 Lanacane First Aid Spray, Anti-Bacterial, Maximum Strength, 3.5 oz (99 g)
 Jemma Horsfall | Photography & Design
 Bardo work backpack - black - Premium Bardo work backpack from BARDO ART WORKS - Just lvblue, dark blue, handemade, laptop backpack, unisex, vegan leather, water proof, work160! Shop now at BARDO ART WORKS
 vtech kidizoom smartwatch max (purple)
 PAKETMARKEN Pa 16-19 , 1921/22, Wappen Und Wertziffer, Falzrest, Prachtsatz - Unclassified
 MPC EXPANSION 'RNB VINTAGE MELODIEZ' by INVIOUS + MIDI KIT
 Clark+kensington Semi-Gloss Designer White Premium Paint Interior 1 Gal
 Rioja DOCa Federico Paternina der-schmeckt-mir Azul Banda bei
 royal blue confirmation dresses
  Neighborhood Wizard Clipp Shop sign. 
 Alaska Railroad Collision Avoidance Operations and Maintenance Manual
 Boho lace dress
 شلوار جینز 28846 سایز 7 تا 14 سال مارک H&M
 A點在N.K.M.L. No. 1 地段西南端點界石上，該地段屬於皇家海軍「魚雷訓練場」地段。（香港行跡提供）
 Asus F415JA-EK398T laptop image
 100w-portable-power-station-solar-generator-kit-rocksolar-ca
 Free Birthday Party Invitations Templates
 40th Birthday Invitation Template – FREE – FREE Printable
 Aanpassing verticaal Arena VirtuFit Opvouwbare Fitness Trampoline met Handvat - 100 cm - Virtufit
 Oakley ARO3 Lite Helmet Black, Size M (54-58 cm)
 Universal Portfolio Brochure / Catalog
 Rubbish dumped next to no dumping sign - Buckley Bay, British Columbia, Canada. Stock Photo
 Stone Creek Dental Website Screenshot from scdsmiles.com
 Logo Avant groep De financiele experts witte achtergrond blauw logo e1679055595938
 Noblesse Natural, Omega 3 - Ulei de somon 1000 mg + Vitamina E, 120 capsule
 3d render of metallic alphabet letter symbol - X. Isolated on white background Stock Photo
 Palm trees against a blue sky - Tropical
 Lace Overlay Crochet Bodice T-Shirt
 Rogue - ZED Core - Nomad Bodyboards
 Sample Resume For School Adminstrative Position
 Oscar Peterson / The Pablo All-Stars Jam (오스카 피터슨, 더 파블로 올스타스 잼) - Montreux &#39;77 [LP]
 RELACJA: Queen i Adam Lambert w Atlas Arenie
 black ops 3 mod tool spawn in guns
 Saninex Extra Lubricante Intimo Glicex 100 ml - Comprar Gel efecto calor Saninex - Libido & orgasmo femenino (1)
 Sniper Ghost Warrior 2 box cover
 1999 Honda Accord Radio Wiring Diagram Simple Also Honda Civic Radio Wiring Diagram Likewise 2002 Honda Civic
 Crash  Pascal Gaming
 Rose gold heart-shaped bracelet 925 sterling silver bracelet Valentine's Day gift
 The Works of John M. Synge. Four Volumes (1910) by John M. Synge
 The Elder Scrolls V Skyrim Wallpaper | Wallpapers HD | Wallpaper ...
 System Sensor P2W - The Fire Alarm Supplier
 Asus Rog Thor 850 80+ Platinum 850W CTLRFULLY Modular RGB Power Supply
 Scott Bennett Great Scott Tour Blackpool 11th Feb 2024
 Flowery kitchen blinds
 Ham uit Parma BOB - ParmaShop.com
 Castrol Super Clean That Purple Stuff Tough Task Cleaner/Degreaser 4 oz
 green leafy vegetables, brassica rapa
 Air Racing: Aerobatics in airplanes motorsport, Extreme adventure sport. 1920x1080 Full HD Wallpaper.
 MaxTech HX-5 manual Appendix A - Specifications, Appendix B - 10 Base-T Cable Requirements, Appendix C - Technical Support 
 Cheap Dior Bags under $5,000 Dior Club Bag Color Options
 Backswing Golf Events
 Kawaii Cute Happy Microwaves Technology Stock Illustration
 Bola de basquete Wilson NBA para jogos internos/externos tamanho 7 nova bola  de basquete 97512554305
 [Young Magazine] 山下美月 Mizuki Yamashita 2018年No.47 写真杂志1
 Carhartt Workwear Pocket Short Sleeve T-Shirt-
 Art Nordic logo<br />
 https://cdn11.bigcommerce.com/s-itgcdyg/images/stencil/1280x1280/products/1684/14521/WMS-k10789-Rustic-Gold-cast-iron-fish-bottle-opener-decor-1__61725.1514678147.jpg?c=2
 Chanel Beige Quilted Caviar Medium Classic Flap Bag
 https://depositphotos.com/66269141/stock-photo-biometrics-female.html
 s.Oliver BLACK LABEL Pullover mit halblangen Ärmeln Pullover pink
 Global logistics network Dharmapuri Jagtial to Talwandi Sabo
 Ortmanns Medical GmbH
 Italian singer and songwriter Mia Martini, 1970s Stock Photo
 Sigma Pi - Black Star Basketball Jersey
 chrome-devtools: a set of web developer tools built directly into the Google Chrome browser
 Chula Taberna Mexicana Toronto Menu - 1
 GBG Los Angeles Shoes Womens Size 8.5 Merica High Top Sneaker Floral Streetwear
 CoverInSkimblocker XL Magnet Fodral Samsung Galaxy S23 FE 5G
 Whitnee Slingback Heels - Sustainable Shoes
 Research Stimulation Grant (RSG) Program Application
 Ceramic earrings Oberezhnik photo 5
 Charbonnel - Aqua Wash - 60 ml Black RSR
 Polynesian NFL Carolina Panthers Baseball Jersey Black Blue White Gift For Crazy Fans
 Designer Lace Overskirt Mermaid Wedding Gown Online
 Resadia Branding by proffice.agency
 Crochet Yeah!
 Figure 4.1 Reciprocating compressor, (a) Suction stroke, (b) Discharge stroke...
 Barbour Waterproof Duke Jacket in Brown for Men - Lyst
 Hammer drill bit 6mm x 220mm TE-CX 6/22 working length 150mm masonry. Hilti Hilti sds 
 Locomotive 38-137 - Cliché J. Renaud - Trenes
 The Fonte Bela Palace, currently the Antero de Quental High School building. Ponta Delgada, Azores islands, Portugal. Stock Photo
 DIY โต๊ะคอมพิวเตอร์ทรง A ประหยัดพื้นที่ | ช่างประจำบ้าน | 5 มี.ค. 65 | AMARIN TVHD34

_____

**ABOUT THIS EXERCISE:**
Would you set down every record again, exactly as it appears above?

**OUTPUT:**
 Lanacane First Aid Spray, Anti-Bacterial, Maximum Strength, 3.5 oz (99 g)
 Jemma Horsfall | Photography & Design
 Bardo work backpack - black - Premium Bardo work backpack from BARDO ART WORKS - Just lvblue, dark blue, handemade, laptop backpack, unisex, vegan leather, water proof, work160! Shop now at BARDO ART WORKS
 vtech kidizoom smartwatch max (purple)
 PAKETMARKEN Pa 16-19 , 1921/22, Wappen Und Wertziffer, Falzrest, Prachtsatz - Unclassified
 MPC EXPANSION 'RNB VINTAGE MELODIEZ' by INVIOUS + MIDI KIT
 Clark+kensington Semi-Gloss Designer White Premium Paint Interior 1 Gal
 Rioja DOCa Federico Paternina der-schmeckt-mir Azul Banda bei
 royal blue confirmation dresses
  Neighborhood Wizard Clipp Shop sign. 
 Alaska Railroad Collision Avoidance Operations and Maintenance Manual
 Boho lace dress
 شلوار جینز 28846 سایز 7 تا 14 سال مارک H&M
 A點在N.K.M.L. No. 1 地段西南端點界石上，該地段屬於皇家海軍「魚雷訓練場」地段。（香港行跡提供）
 Asus F415JA-EK398T laptop image
 100w-portable-power-station-solar-generator-kit-rocksolar-ca
 Free Birthday Party Invitations Templates
 40th Birthday Invitation Template – FREE – FREE Printable
 Aanpassing verticaal Arena VirtuFit Opvouwbare Fitness Trampoline met Handvat - 100 cm - Virtufit
 Oakley ARO3 Lite Helmet Black, Size M (54-58 cm)
 Universal Portfolio Brochure / Catalog
 Rubbish dumped next to no dumping sign - Buckley Bay, British Columbia, Canada. Stock Photo
 Stone Creek Dental Website Screenshot from scdsmiles.com
 Logo Avant groep De financiele experts witte achtergrond blauw logo e1679055595938
 Noblesse Natural, Omega 3 - Ulei de somon 1000 mg + Vitamina E, 120 capsule
 3d render of metallic alphabet letter symbol - X. Isolated on white background Stock Photo
 Palm trees against a blue sky - Tropical
 Lace Overlay Crochet Bodice T-Shirt
 Rogue - ZED Core - Nomad Bodyboards
 Sample Resume For School Adminstrative Position
 Oscar Peterson / The Pablo All-Stars Jam (오스카 피터슨, 더 파블로 올스타스 잼) - Montreux &#39;77 [LP]
 RELACJA: Queen i Adam Lambert w Atlas Arenie
 black ops 3 mod tool spawn in guns
 Saninex Extra Lubricante Intimo Glicex 100 ml - Comprar Gel efecto calor Saninex - Libido & orgasmo femenino (1)
 Sniper Ghost Warrior 2 box cover
 1999 Honda Accord Radio Wiring Diagram Simple Also Honda Civic Radio Wiring Diagram Likewise 2002 Honda Civic
 Crash  Pascal Gaming
 Rose gold heart-shaped bracelet 925 sterling silver bracelet Valentine's Day gift
 The Works of John M. Synge. Four Volumes (1910) by John M. Synge
 The Elder Scrolls V Skyrim Wallpaper | Wallpapers HD | Wallpaper ...
 System Sensor P2W - The Fire Alarm Supplier
 Asus Rog Thor 850 80+ Platinum 850W CTLRFULLY Modular RGB Power Supply
 Scott Bennett Great Scott Tour Blackpool 11th Feb 2024
 Flowery kitchen blinds
 Ham uit Parma BOB - ParmaShop.com
 Castrol Super Clean That Purple Stuff Tough Task Cleaner/Degreaser 4 oz
 green leafy vegetables, brassica rapa
 Air Racing: Aerobatics in airplanes motorsport, Extreme adventure sport. 1920x1080 Full HD Wallpaper.
 MaxTech HX-5 manual Appendix A - Specifications, Appendix B - 10 Base-T Cable Requirements, Appendix C - Technical Support 
 Cheap Dior Bags under $5,000 Dior Club Bag Color Options
 Backswing Golf Events
 Kawaii Cute Happy Microwaves Technology Stock Illustration
 Bola de basquete Wilson NBA para jogos internos/externos tamanho 7 nova bola  de basquete 97512554305
 [Young Magazine] 山下美月 Mizuki Yamashita 2018年No.47 写真杂志1
 Carhartt Workwear Pocket Short Sleeve T-Shirt-
 Art Nordic logo<br />
 https://cdn11.bigcommerce.com/s-itgcdyg/images/stencil/1280x1280/products/1684/14521/WMS-k10789-Rustic-Gold-cast-iron-fish-bottle-opener-decor-1__61725.1514678147.jpg?c=2
 Chanel Beige Quilted Caviar Medium Classic Flap Bag
 https://depositphotos.com/66269141/stock-photo-biometrics-female.html
 s.Oliver BLACK LABEL Pullover mit halblangen Ärmeln Pullover pink
 Global logistics network Dharmapuri Jagtial to Talwandi Sabo
 Ortmanns Medical GmbH
 Italian singer and songwriter Mia Martini, 1970s Stock Photo
 Sigma Pi - Black Star Basketball Jersey
 chrome-devtools: a set of web developer tools built directly into the Google Chrome browser
 Chula Taberna Mexicana Toronto Menu - 1
 GBG Los Angeles Shoes Womens Size 8.5 Merica High Top Sneaker Floral Streetwear
 CoverInSkimblocker XL Magnet Fodral Samsung Galaxy S23 FE 5G
 Whitnee Slingback Heels - Sustainable Shoes
 Research Stimulation Grant (RSG) Program Application
 Ceramic earrings Oberezhnik photo 5
 Charbonnel - Aqua Wash - 60 ml Black RSR
 Polynesian NFL Carolina Panthers Baseball Jersey Black Blue White Gift For Crazy Fans
 Designer Lace Overskirt Mermaid Wedding Gown Online
 Resadia Branding by proffice.agency
 Crochet Yeah!
 Figure 4.1 Reciprocating compressor, (a) Suction stroke, (b) Discharge stroke...
 Barbour Waterproof Duke Jacket in Brown for Men - Lyst
 Hammer drill bit 6mm x 220mm TE-CX 6/22 working length 150mm masonry. Hilti Hilti sds 
 Locomotive 38-137 - Cliché J. Renaud - Trenes
 The Fonte Bela Palace, currently the Antero de Quental High School building. Ponta Delgada, Azores islands, Portugal. Stock Photo
 DIY โต๊ะคอมพิวเตอร์ทรง A ประหยัดพื้นที่ | ช่างประจำบ้าน | 5 มี.ค. 65 | AMARIN TVHD34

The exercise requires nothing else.